§ Work request
Return all of the data that follows precisely, leaving every image out.

§ Data excerpt
↓↓↓

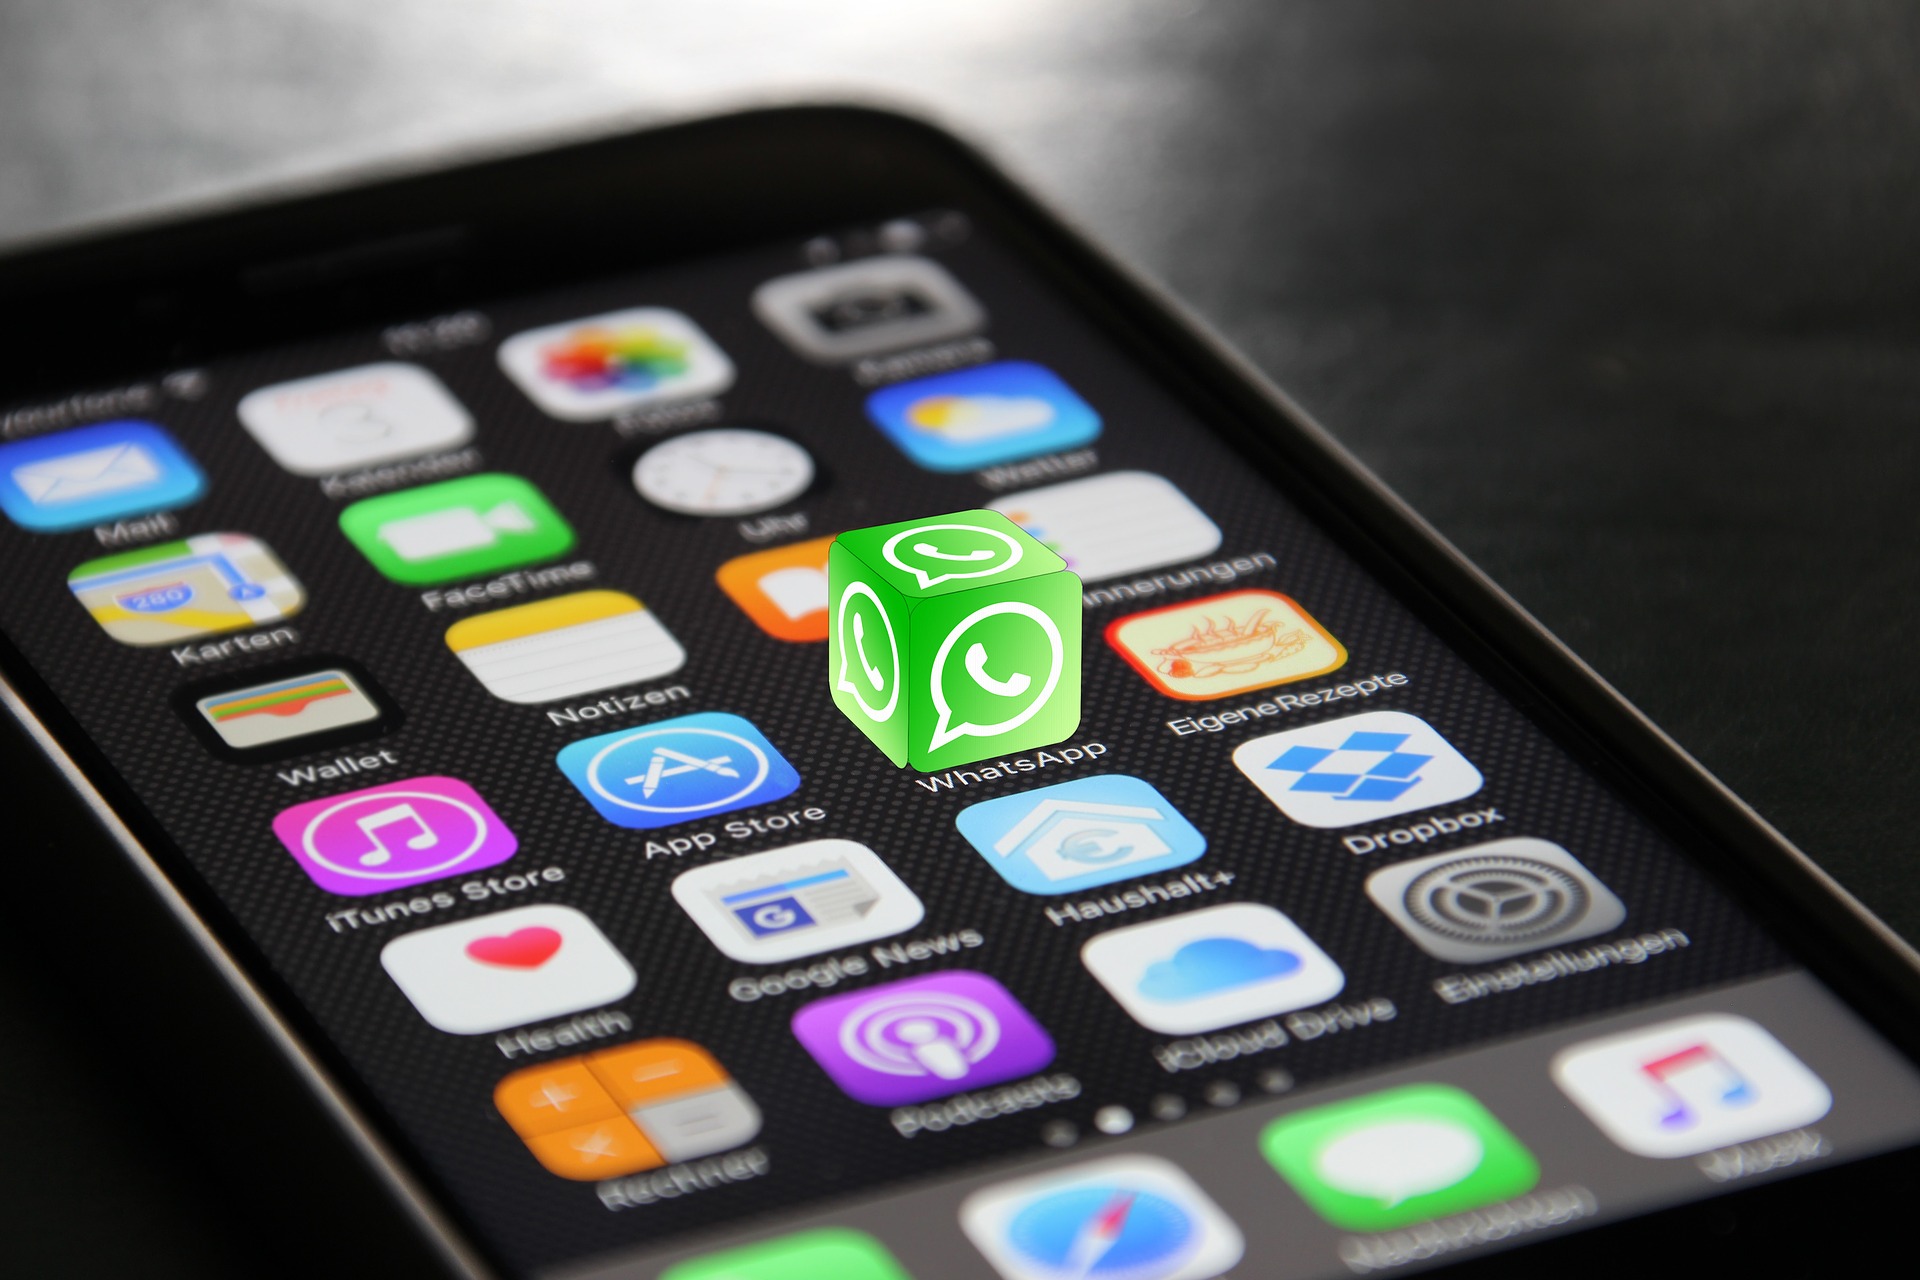 WhatsApp eliminará cuentas si los usuarios utilizan aplicaciones de terceros. (Foto Prensa Libre: Pixabay)
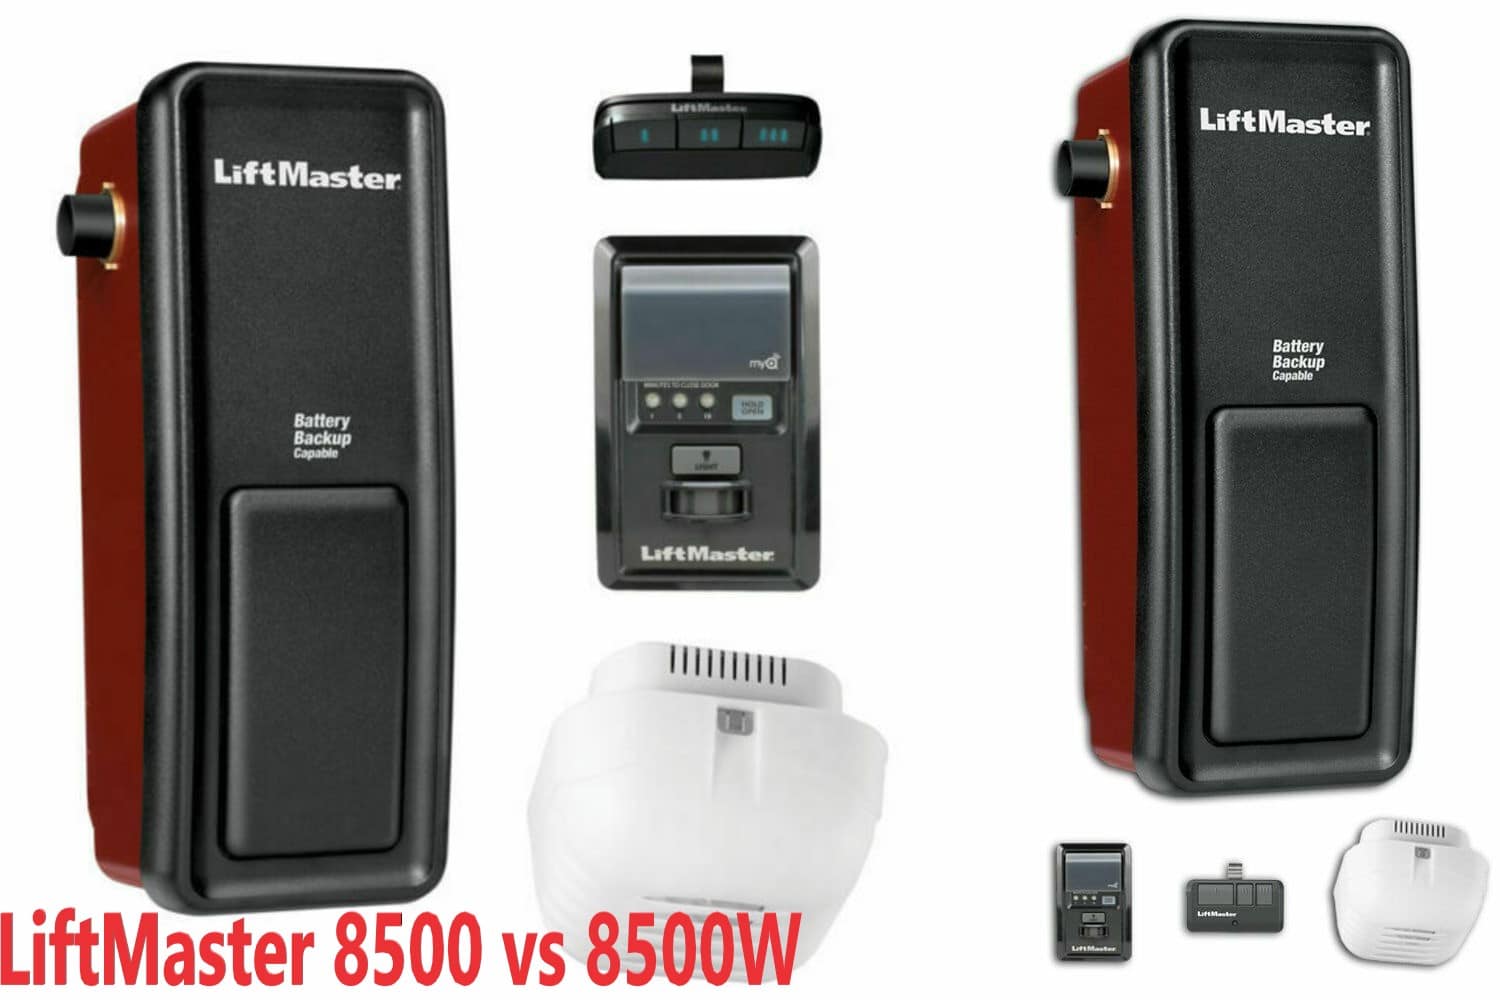 LiftMaster 8500 vs 8500w
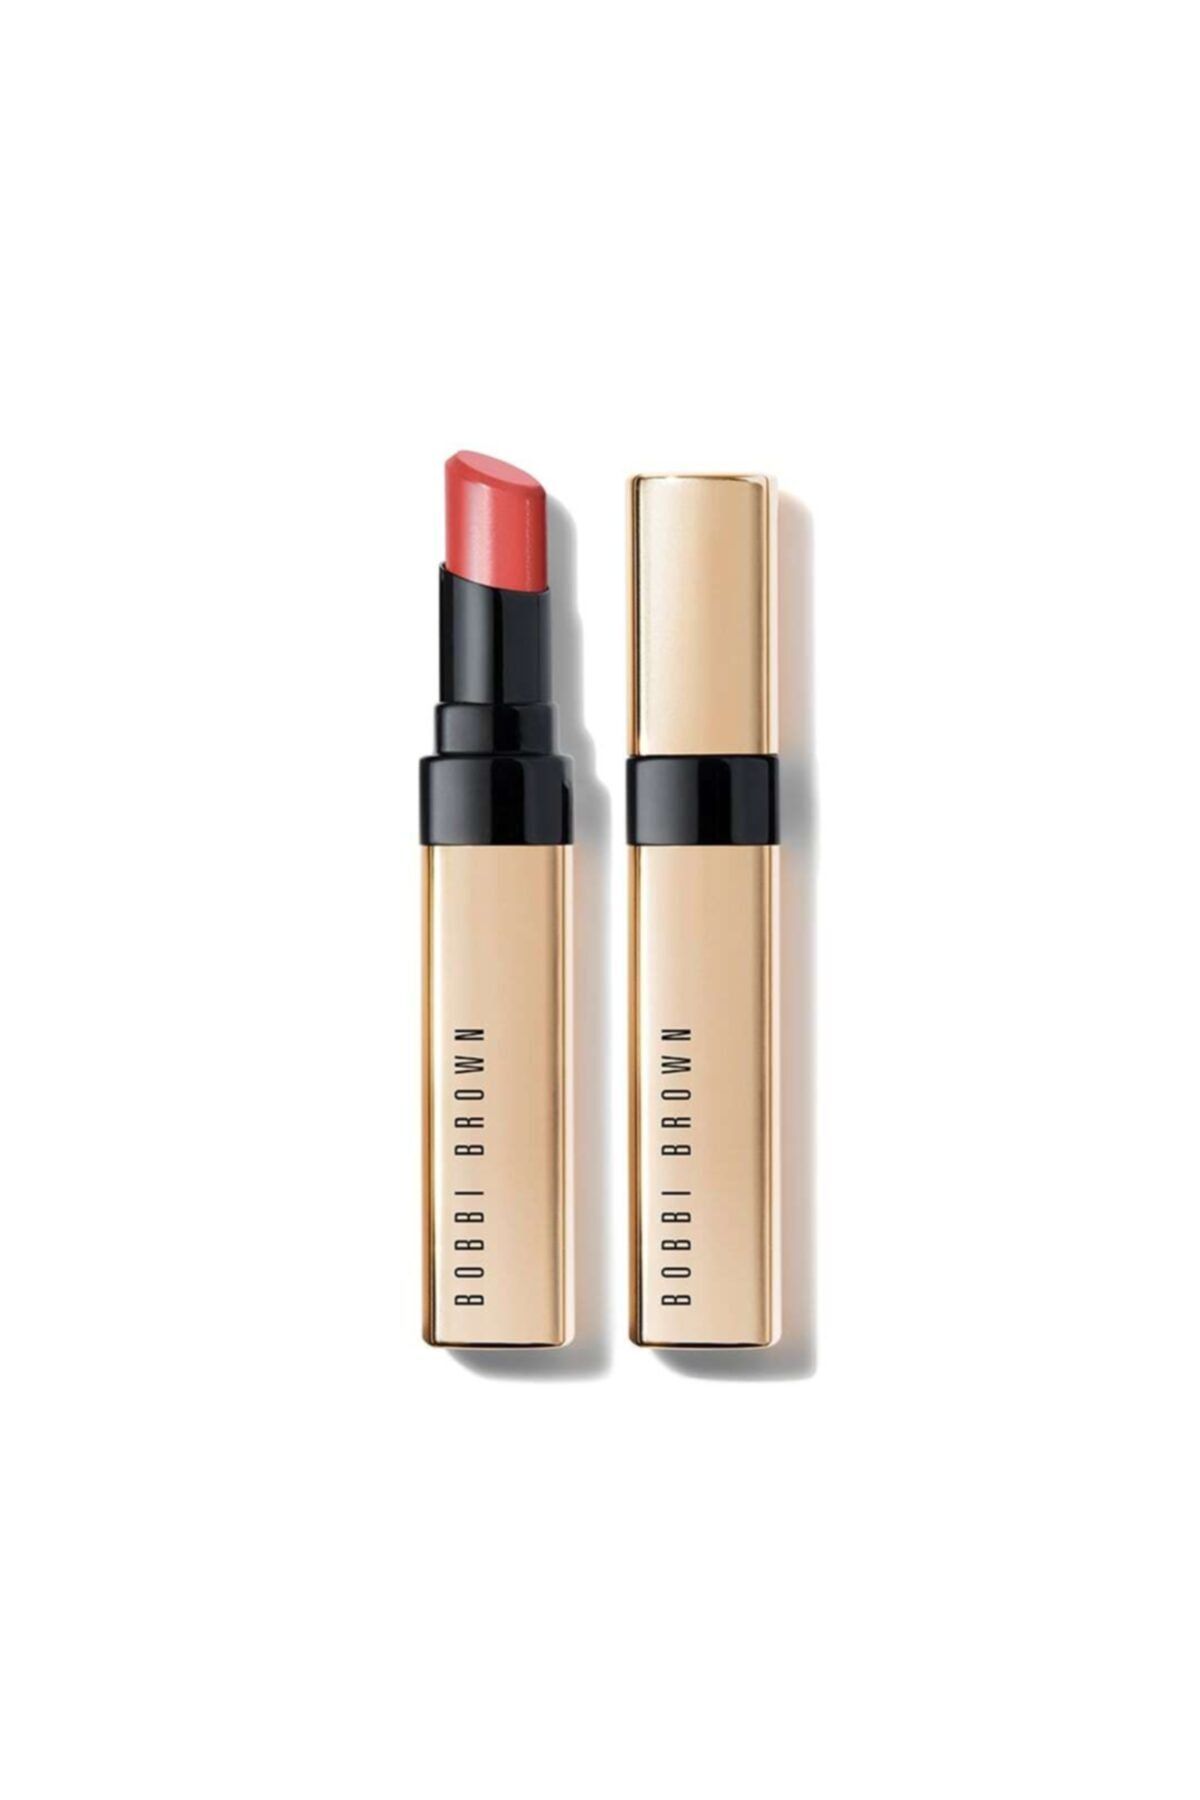 Bobbi Brown Luxe Shine Intense Lipstick / Ruj Fh19 2.3g Paris Pink 716170225524

↑↑↑

§ Expected output
 WhatsApp eliminará cuentas si los usuarios utilizan aplicaciones de terceros. (Foto Prensa Libre: Pixabay)
 LiftMaster 8500 vs 8500w
 Bobbi Brown Luxe Shine Intense Lipstick / Ruj Fh19 2.3g Paris Pink 716170225524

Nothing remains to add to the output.